I failed to appreciate plants very much until I learned all of this. Now I wish I’d paid more attention in my botany classes! Anyway, try not to think too much about the struggle for survival going on in these pictures. Instead, I hope you experience the serenity I felt when I was there, surrounded by it all.
By Amy, on October 7th, 2011%
When I took the shuttle from St. Mary in Glacier National Park my first day, my intent was to go to Logan Pass and hike a trail to Hidden Lake. Unfortunately, Logan Pass was still full of snow in July. The road had been cleared only days before my arrival, and while I knew that, I somehow wasn’t expecting what I saw when the shuttle arrived up there:

I didn’t take the picture above, by the way. My stepfather, Jim, did, when he and my mom met up with me a couple of days later. Thanks, Jim!
Anyway, when I saw all this snow my first day, I didn’t even bother to get off the shuttle. No way was I hiking on that! Instead, I rode the shuttle back toward East Glacier. Halfway to St. Mary, I got off at the Avalanche Creek stop. I’d been intending to spend time there, anyway, as I heard on the Glacier podcast that Dipper birds could be found there. Unfortunately, I didn’t see any Dipper birds (more on those in another post), but I did see this butterfly:

No, I don’t know what kind of butterfly it is. I really need to get some insect guides!

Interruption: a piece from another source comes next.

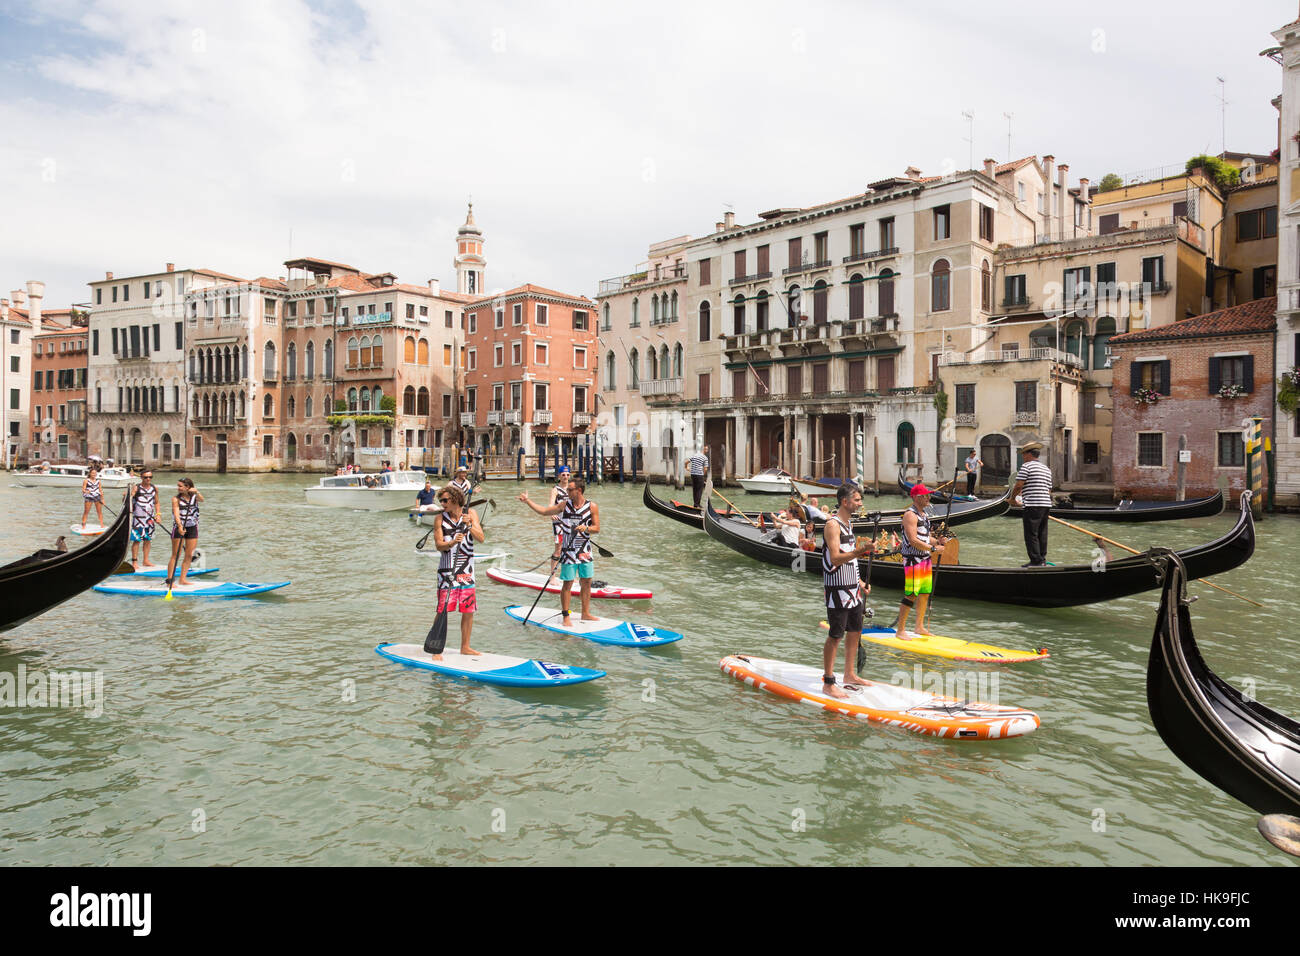 Group of active tourists stand up paddling on sup boards at Grand Canal, Venice, Italy. Stock Photo

The creek was charging with runoff from the melting snows and quite impressive. Very difficult to adequately capture, though, as the stream bed was well below the path and there was considerable contrast with the sun appearing quite brightly in spots. If I’d hung out there longer, perhaps I’d been able to figure out how to take better pictures. However, I really had to pee and there were no public restrooms. That meant finding a convenient bush. So I hurried through some shots and headed up a trail above the creek, knowing I needed to go a ways in before I’d be far enough away from crowds to feel reasonably sure nobody would stumble into me at an inopportune moment. I also needed to find a bush that wasn’t too hidden, as I didn’t want to accidentally run into a bear. Which is worse–running into a bear, or getting caught peeing? You might feel like you’re gonna die from embarrassment if someone sees you peeing, but bears have big claws and teeth, and I am soft and squishy.
Ah, the challenges of nature photography!

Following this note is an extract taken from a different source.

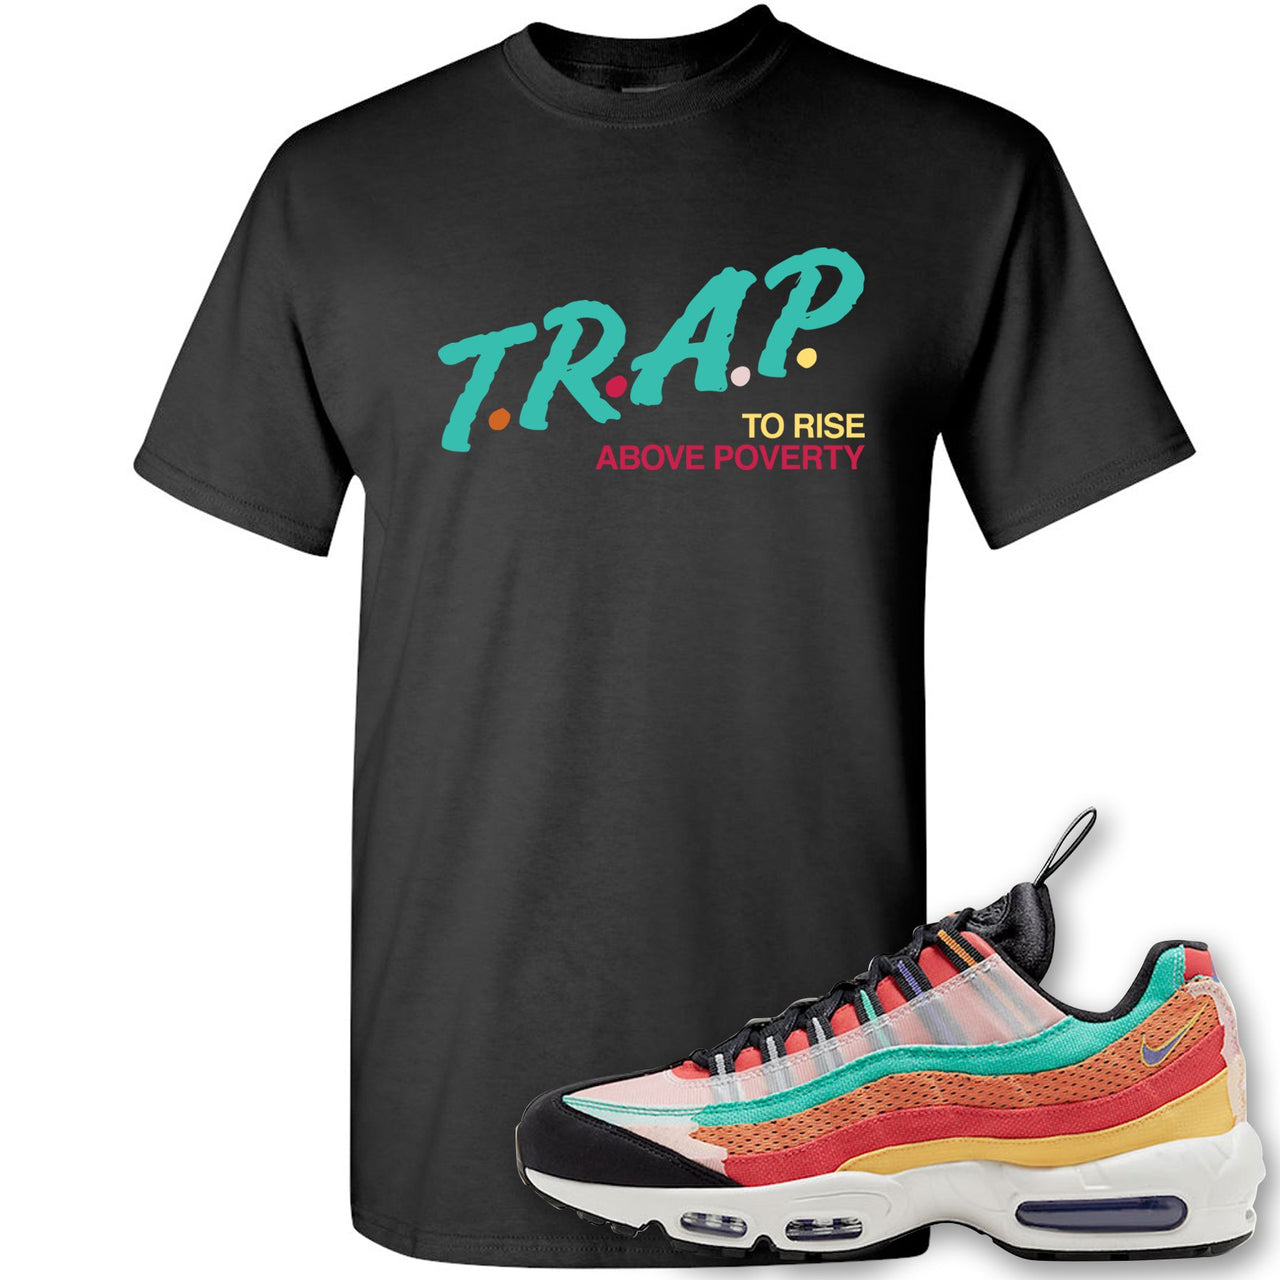 Air Max 95 Black History Month Sneaker Black T Shirt | Tees to match Nike Air Max 95 Black History Month Shoes | Trap To Rise Above Poverty

Here are the best of the ones I did get of the creek:



When I was taking that last photo, I had to lean over a wall a bit and look straight down. Not an angle anyone else was using to view the creek, and I attracted quite a bit of attention. Folks walked over to see what I was looking at–the flowers were only visible if you looked down. Then they’d mimic my shot with their own cameras. Made me laugh. Especially since some folks waited patiently for me to move off so they could look for themselves! Walk around with a honking big camera and lens, and people assume you know what you’re doing.